Ever since Obama’s State of the Union address last Wednesday, it’s seemed like everyone’s been pretty grumpy and negative (to say the least).
Well, certainly the environmental community has been, and I suppose the liberals who said the speech was too moderate and the conservatives who complained that it was too liberal are maybe a little more than, “a bit grumpy,” but overall, the mood is not something to sing about.
Although it might have started last Wednesday when your issue area didn’t get the coverage you hoped for, or it was too expensive, or not enough, or whatever… the community (at least the one I’m surrounded by) has just remained a bunch of Negative Nancys and I’m sick of it! (As you can see, it’s beginning to affect me too.)
I understand, it was really disappointing when Obama said this (and pretty much only this) about the environment:
…But to create more of these clean energy jobs, we need more production, more efficiency, more incentives. That means building a new generation of safe, clean nuclear power plants in this country. It means making tough decisions about opening new offshore areas for oil and gas development. It means continued investment in advanced biofuels and clean coal technologies. And yes, it means passing a comprehensive energy and climate bill with incentives that will finally make clean energy the profitable kind of energy in America.
Here are some of the responses from some greenies that I look up to and respect from twitter that night: (fyi- #sotu just means State of the Union)
“Uh, I’m sorry, did he just call the US a “leader” in the fight on climate change? In what universe? #sotu“
“Maybe those kids getting that education can breathe in all that clean coal. #ecosotu“
“So, Republicans have refused to clap for bailout bashing or tax cuts. Maybe if he floats torture … #sotu“
“Wow, that clean energy stuff came and went pretty damn quick. #sotu“
“I must be broken. I just don’t get the old Obama chills any more. This year has drained my enthusiasm for words. #sotu“
While the political leanings of these authors are clear, it’s not the politics one way or another that got me the most riled up… it’s all the negativity (and how uncomfortably divided that room was)!
Then, one Thursday I got into a spat with a Monsanto social media stalker who criticized my informing the twitter world that 2 GMO-loving politicians had been appointed into the FDA by sending me this (one is a previous Monsanto employee actually, Michael Taylor, and the other is Tom Vilsack).

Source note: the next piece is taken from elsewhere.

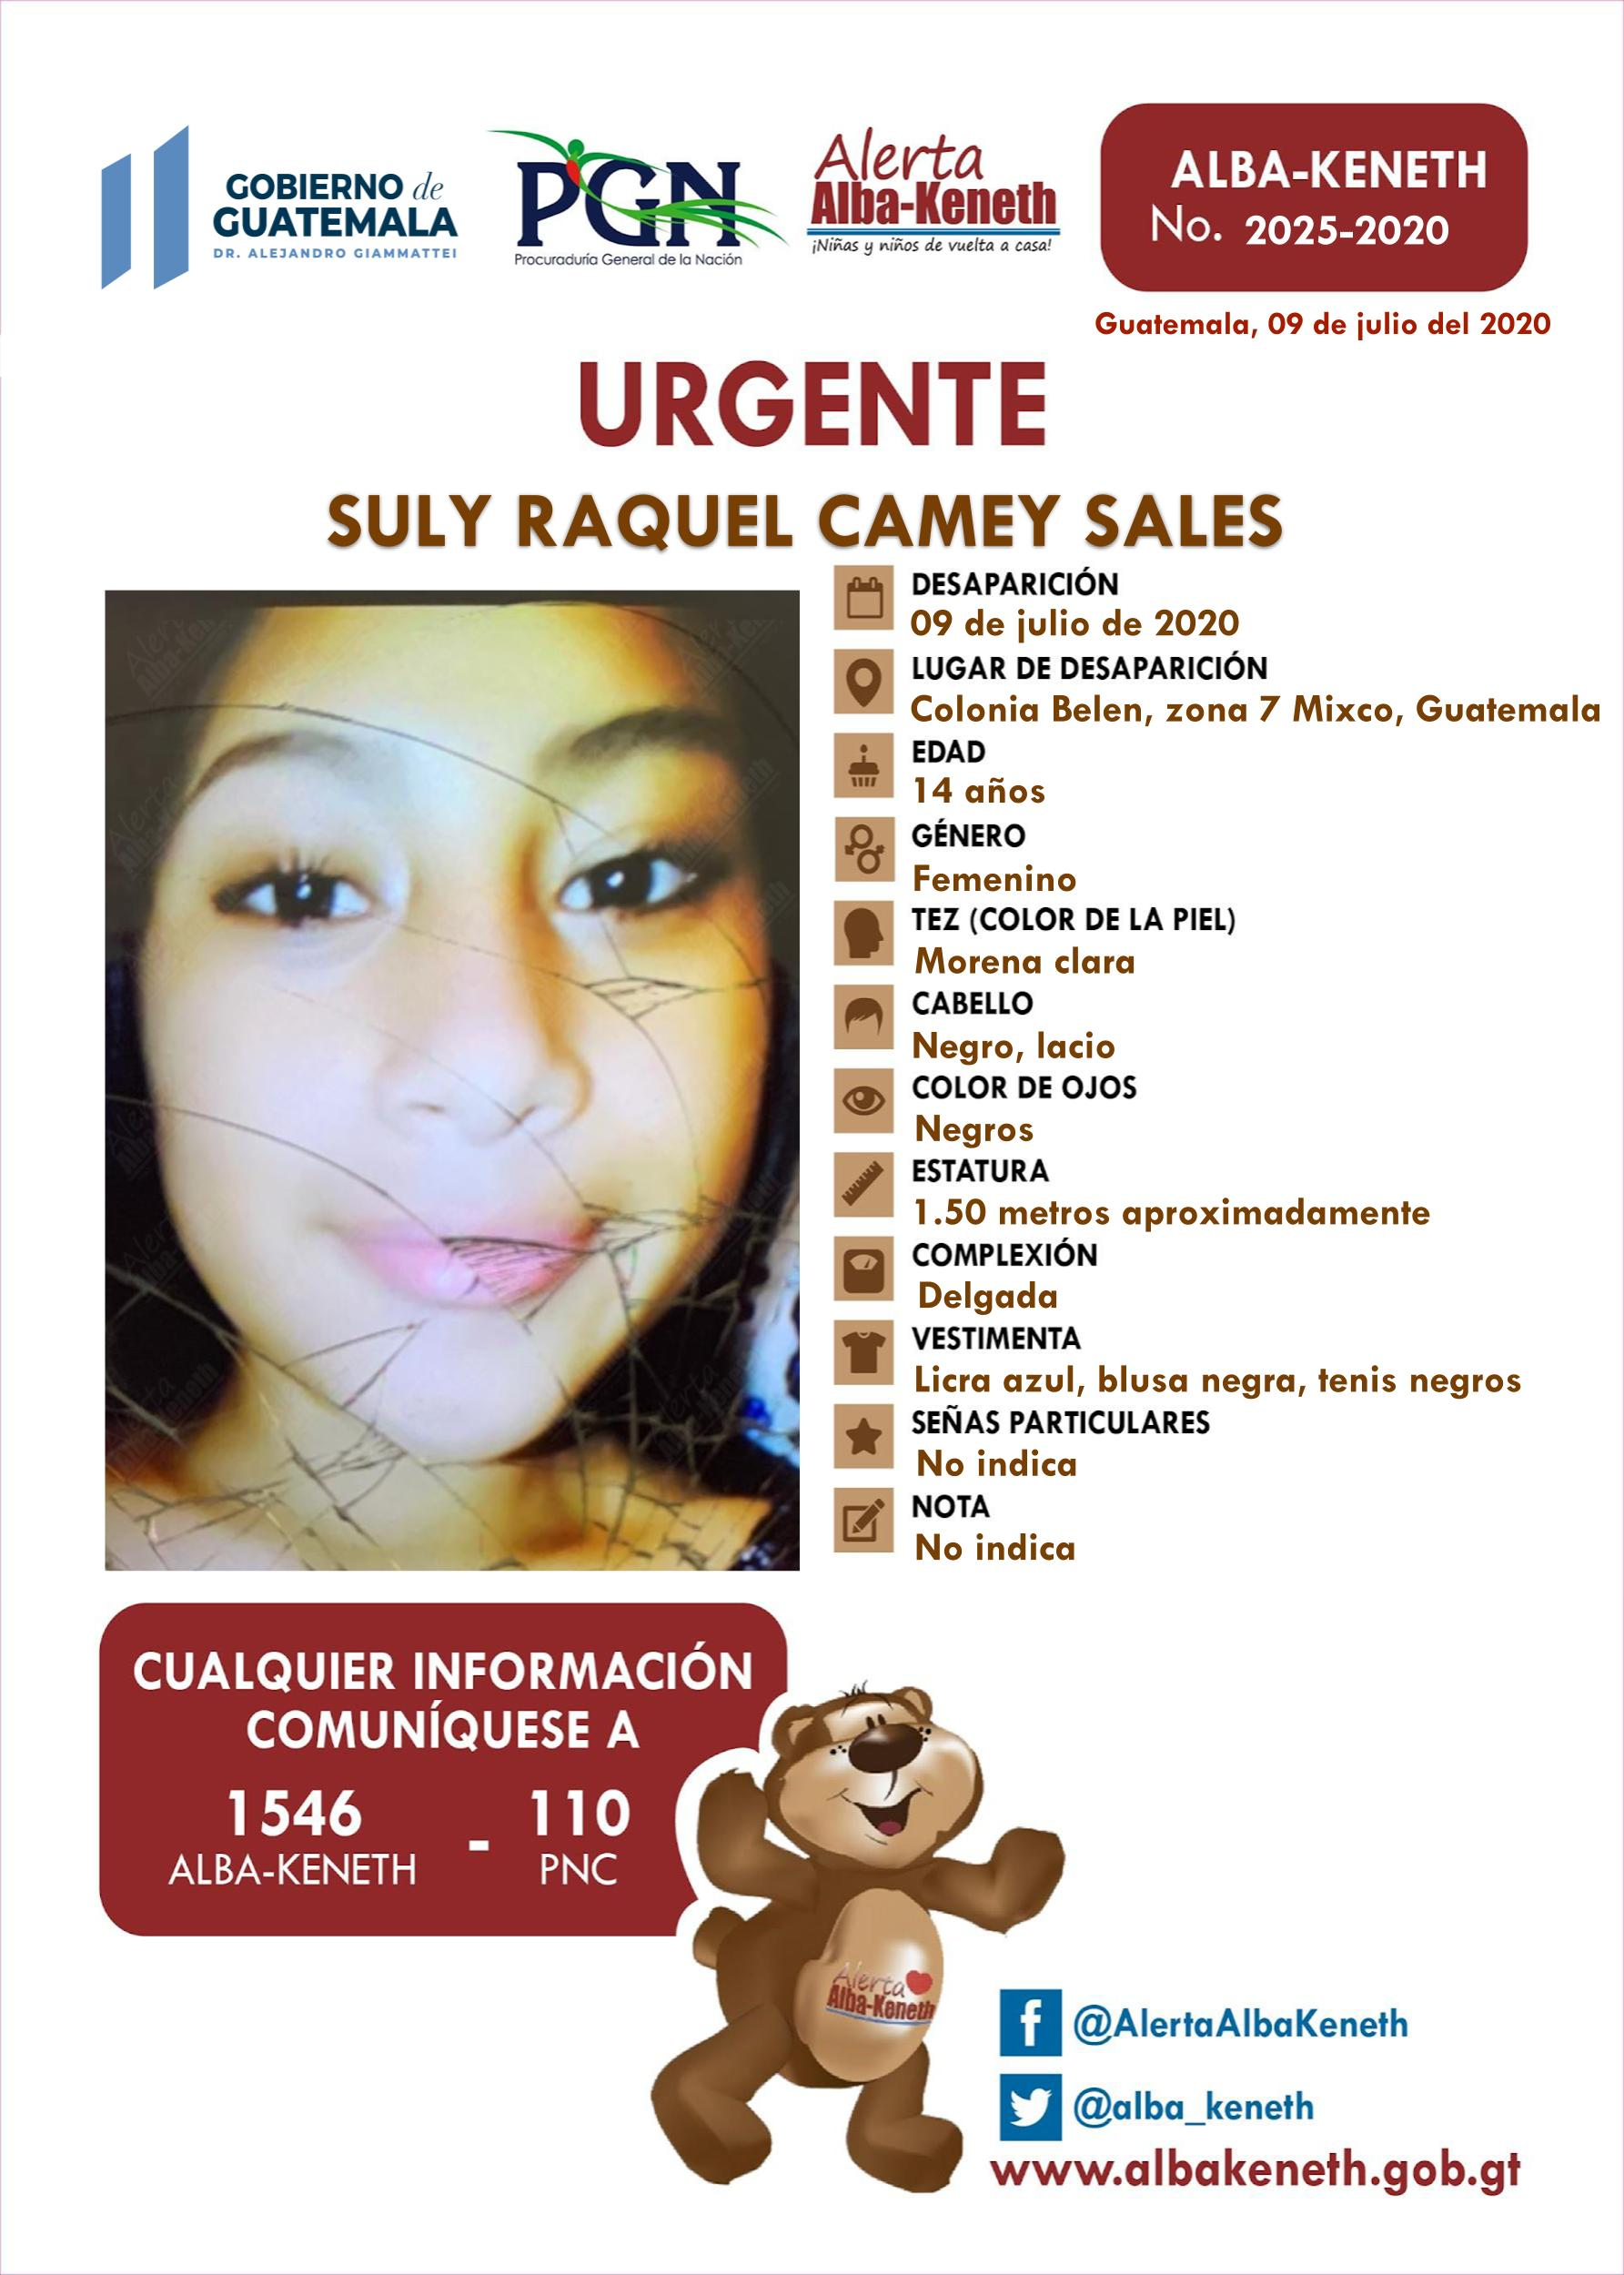 Suly Raquel Camey Sales

At that point, never have I:
a. Been so concerned with national politics that it actually affected my mood (I know this happens to other people all the time, but I usually remain a bit more removed)
b. Wanted to do something about it more
c. Felt so powerless and discouraged!
And then I decided enough is enough. I’m hoping instead of being sad, pessimistic, hopeless, and powerless, we can pull ourselves up from our bootstraps, focus on our communal need for improvement and work collaboratively, deliberatively, and creatively to solve these problems!
Sound a bit idealistic? kinda, I know.
But it makes sense. I’m not saying that these issues are easy, because if they were they wouldn’t be issues. But I think a focus on COLLABORATIVE innovation and not lingering on being pissed will take us a long way.
So, now I’m trying to be super productive. Here are some things I’m up to:
– Working with a group of super engaged students to come up with waste disposal alternatives for Madison to be presented in a public forum at the end of the semester
– Hopefully blogging about being practical, effective, consistent, motivational and positive in green endeavors
– Writing from time to time in the Daily Cardinal‘s “Green Room” column
– Learning a lot in my last semester of college (!!!) so I can use these skills to help get the rest of the environmental community to stop whining all the time. (ok, that’s an exaggeration)
Sorry if this seemed a bit rantish. It’s just that I know we can do better and I want people to be excited for our future, not scared of it.